The one thing you must never do with gangsters is assume that they’re stupid. Uneducated? Maybe. Never stupid. You don’t survive in the world they live in by being stupid. To quote Capote, “The problem with living outside the law is that you no longer have it’s protection.”
A stupid gangster is a dead gangster and even the smart ones have no guarantee they’ll live very long. This is before we get to the ones that have been to prison and back or are ex-military. Whatever your character does, they’re going to figure it out and start to counter.
This is a good thing for you as a writer because it’ll keep your character from turning into a one trick pony and work as a means to keep the tension high.
Some alternate solutions:
This character needs to rely on their brain and their observational skills primarily, not on the idea that they can brute force their way to success. Besides that, not every character needs to be Black Widow to be awesome. Your character has the background that will make her a scrappy fighter at best and that’s okay. This gives you more room to focus on survivalist tendencies and adaptation than kick ass fighting skills. The scrappy, driven, but fragile survivalist pushing forward on their own willpower is a great character.
She’s tackling enemies that are more than likely much too big for her. She’s the underdog and, even with her powers, she always will be. That’s fine. What this character needs is going to be courage, brains, and guts with a will to walk into fire when there’s zero chance of walking back out again.
This is what the classic action heroes are built on.
You don’t always get to see it with female protagonists, but there are a few.
Sarah Connor from Terminator 1 and 2. Ripley from Alien and Aliens. Possibly Furiosa from Mad Max: Fury Road as I haven’t seen the movie. You’re looking for plots about normal women pushed to extraordinary measures by circumstance.
She’ll probably be heavily reliant on that superpower, just a heads up. It is her only means of evening the playing field and may keep her alive long enough to adapt.
This character is not a head to head fighter. She doesn’t have the ability or the time to be, so play to her strengths. Ambush. Ambush. Ambush. In the shadows and out to BAM, then back into the shadows. Run and hide.
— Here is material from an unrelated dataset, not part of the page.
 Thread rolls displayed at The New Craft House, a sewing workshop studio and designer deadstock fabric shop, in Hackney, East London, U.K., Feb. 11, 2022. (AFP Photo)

Try to lure them into places with low or bad lighting. (They’re going to figure this out, so it won’t work for the long term but in the beginning then yes.)
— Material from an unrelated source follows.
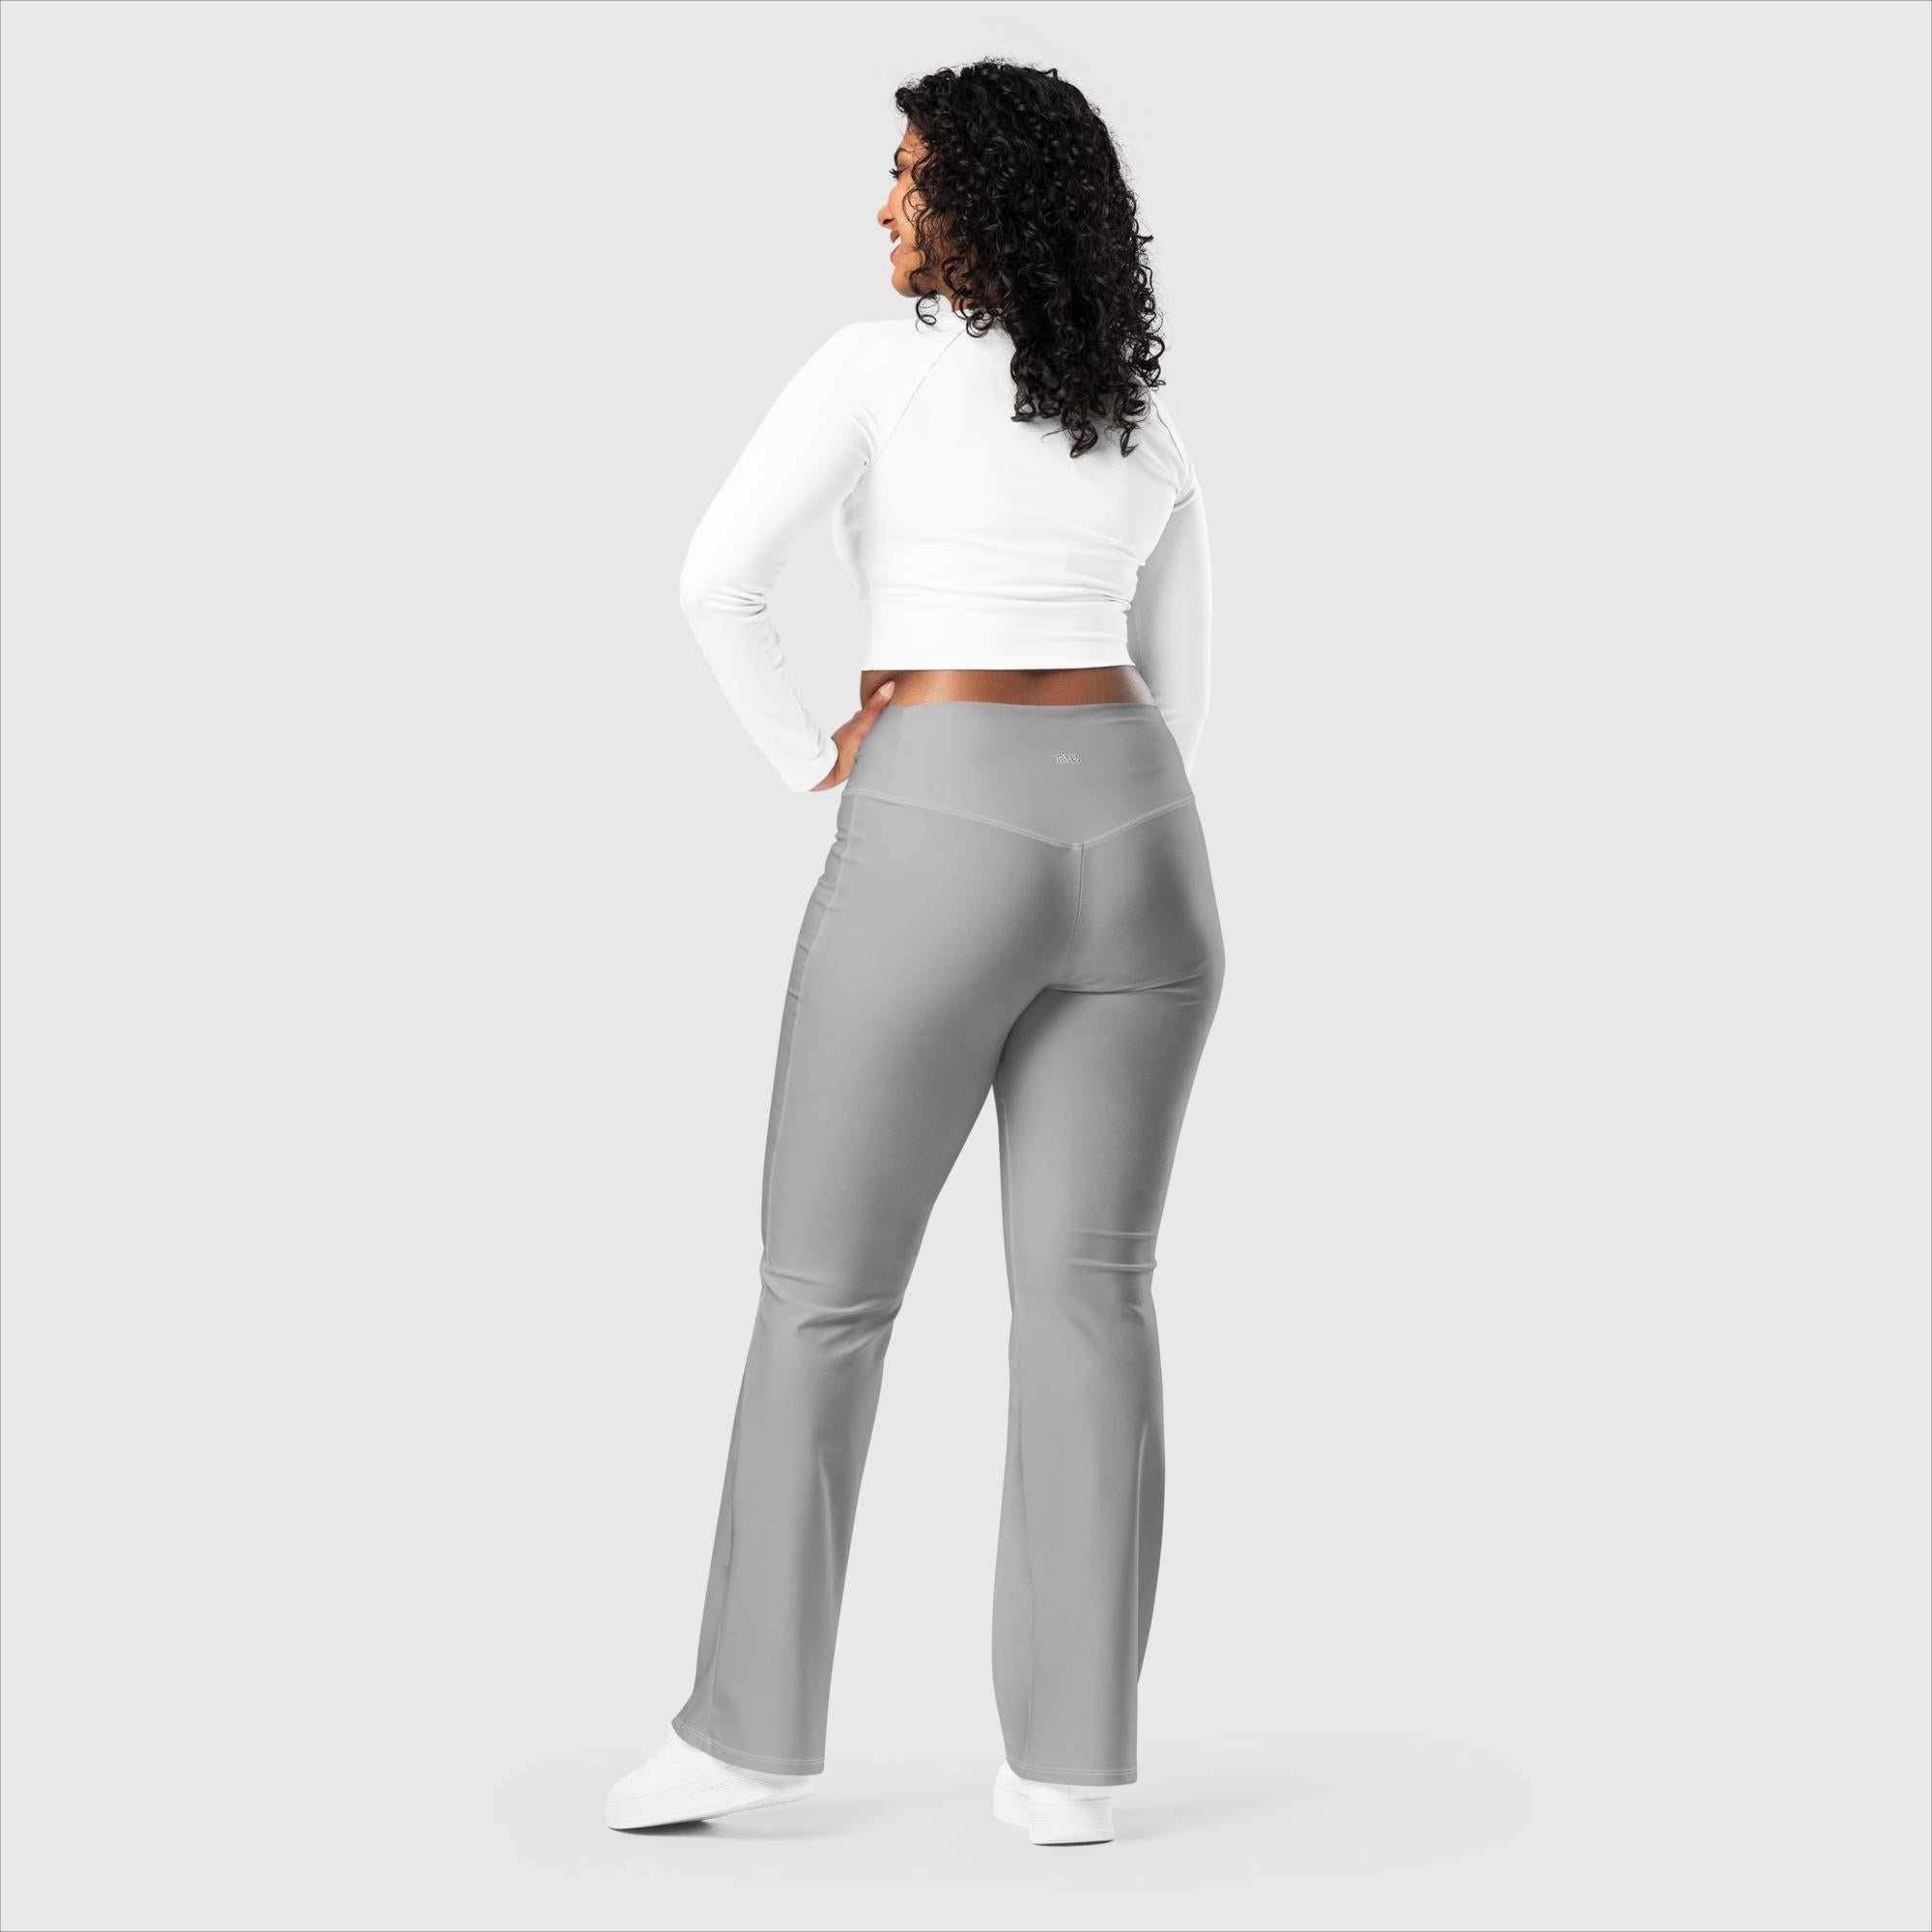 Grey flare leggings with high waist and back inside pocket

Worth noting that ambushing takes work and forethought, it also requires brains and observational skills. It can be very exciting due to burst and release tension, so long as you make the consequences of failure clear. This is high risk, high reward combat. You take them down fast and silent (silently as possible, she’ll bungle this a few times) or not at all. Run and hide may eventually transform to run and gun over the course of the story, but this is a character who needs to keep moving in order to maintain her advantage.
If she has to kill them fast, then the answer is not hand to hand. It’s weapons. It could be a gun, but more likely it’ll be something she can swing while ducking in and out of the shadows. Crowbar or tire iron across the back of the head, then back into the shadows. She doesn’t have the time or skill to be fancy here, but you don’t need either of those to be effective.
Honor has no place here, it’s something she can moralize about or feel guilty over but discard it. It won’t help. Have her prioritize turning off the lights.
Start developing that power over the course of the story. What else can it do? What new ways can she make it work for her that she hasn’t thought of before? Can she start to perform new techniques with it. I suggest looking at Obtenebration from Vampire the Masquerade. You can also check out the Darkness, though I don’t know how helpful it’ll be.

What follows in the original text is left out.